/North Korea reports first COVID outbreak since pandemic began | Coronavirus pandemic News | Al Jazeera

North Korea reports first COVID outbreak since pandemic began | Coronavirus pandemic News | Al Jazeera

North Korea has confirmed its first outbreak of COVID-19, raising fears of a humanitarian disaster in one of the world’s only unvaccinated countries as it goes into a nationwide lockdown.

Authorities detected a sub-variant of the highly transmissible Omicron coronavirus variant, BA.2, in people in Pyongyang, the state-run Korean Central News Agency (KCNA) reported on Thursday, without elaborating on the number of confirmed cases.

“There has been the biggest emergency incident in the country, with a hole in our emergency quarantine front, that has been kept safely over the past two years and three months since February 2020,” the state broadcaster said.

It added that “maximum” control efforts were being imposed in Pyongyang.

It reported later that Kim Jong Un had “called on all the cities and counties of the whole country to thoroughly lock down their areas” with factories, businesses and homes closed down and reorganised “to flawlessly and perfectly block the spread vacuum of the malicious virus.”

The North, which sealed its borders in January 2020, had been one of the few countries on Earth not to report an outbreak of COVID-19, although analysts have long expressed doubt about the official figures given the country’s long, porous land border with China.

Analysts said Pyongyang’s public admission of the outbreak was probably a sign of the severity of the situation, but not necessarily a sign that Kim would be amenable to outside assistance.

“Pyongyang will likely double down on lockdowns, even though the failure of China’s zero-Covid strategy suggests that approach won’t work against the omicron variant,” Leif-Eric Easley, a professor at Ewha University in Seoul, said in emailed comments. “North Korea is entering a period of uncertainty in managing its domestic challenges and international isolation. The Kim regime would be well advised to swallow its pride and quickly seek donations of vaccines and therapeutics.”

The official Rodong Sinmun newspaper reported the Politburo of the ruling Workers’ Party admitting there had been a “breach” in the country’s virus defences, and criticised the department handling the epidemic for its “carelessness, laxity, irresponsibility, and incompetence” in “failing” to respond to the acceleration in transmission around the world, according to the NK News media outlet.

China is currently battling dozens of outbreaks of the virus including in Dandong, which is the North’s main trading link with the country. Pyongyang suspended inbound rail cargo from China in late April as a result of the outbreaks, only four months after resuming the service, according to NK News.

Alastair Morgan, who served as the United Kingdom’s ambassador to the North between 2005 and 2008, said he expected Pyongyang’s response to the outbreak to be at least as draconian as China’s controls.
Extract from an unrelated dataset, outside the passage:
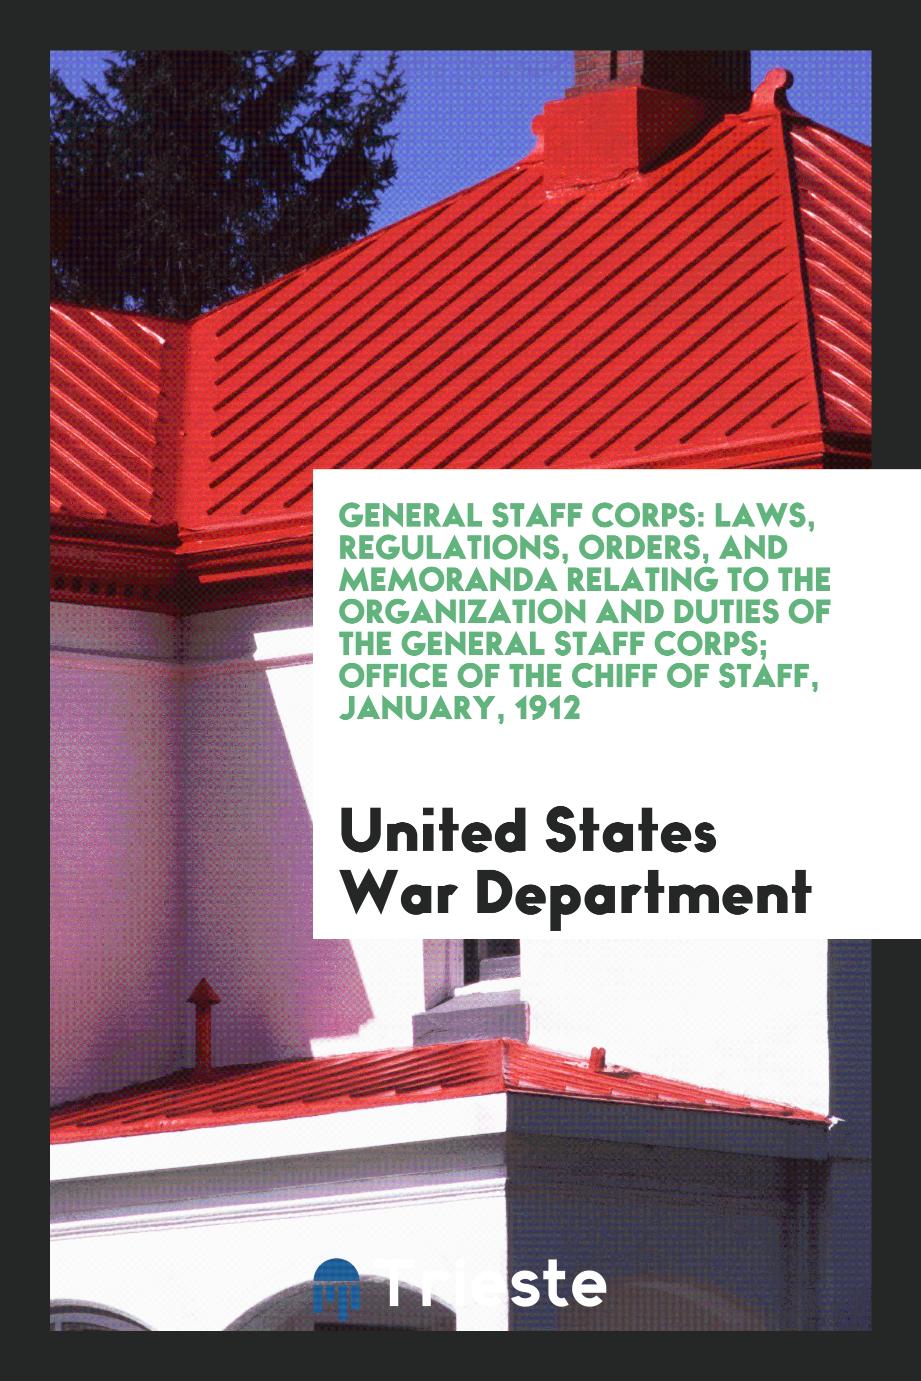 General staff corps: Laws, regulations, orders, and memoranda relating to the organization and duties of the general staff corps; office of the chiff of staff, january, 1912

“The DPRK authorities have the ability and organisation to impose restrictions internally as well as at the border,” Morgan told Al Jazeera, referring to the North’s official name, the Democratic People’s Republic of Korea.

“If they prevent all travel between regions and locales this is likely to have severe consequences for citizens. There was when I was there some reliance on cross-regional transportation of food and other provisions, though this may have changed to some extent under DPRK measures to date. It will also restrict the access of citizens to clinics and hospital facilities.”

The North has repeatedly rejected offers of vaccines from the United Nations-backed global vaccination initiative, and aid workers have warned that it would struggle to handle a major coronavirus outbreak, given its dilapidated health system.

“The North Korean medical system is antiquated, fragile and drastically ill-equipped to deal with a major outbreak,” said Tim Peters, a Christian aid worker who runs the Helping Hands Korea organisation in Seoul. “The fact that 40 percent of the population is in need of food assistance speaks volumes about the weak immune systems of at least 11 million North Korean citizens. In short, the outdated healthcare infrastructure and highly vulnerable population is a catastrophe waiting to happen. I sincerely hope it doesn’t.”

Before the pandemic, the UN estimated that more than one-quarter of North Koreans suffered from malnourishment. In July, the UN Food and Agriculture Organization said the country was struggling to feed itself.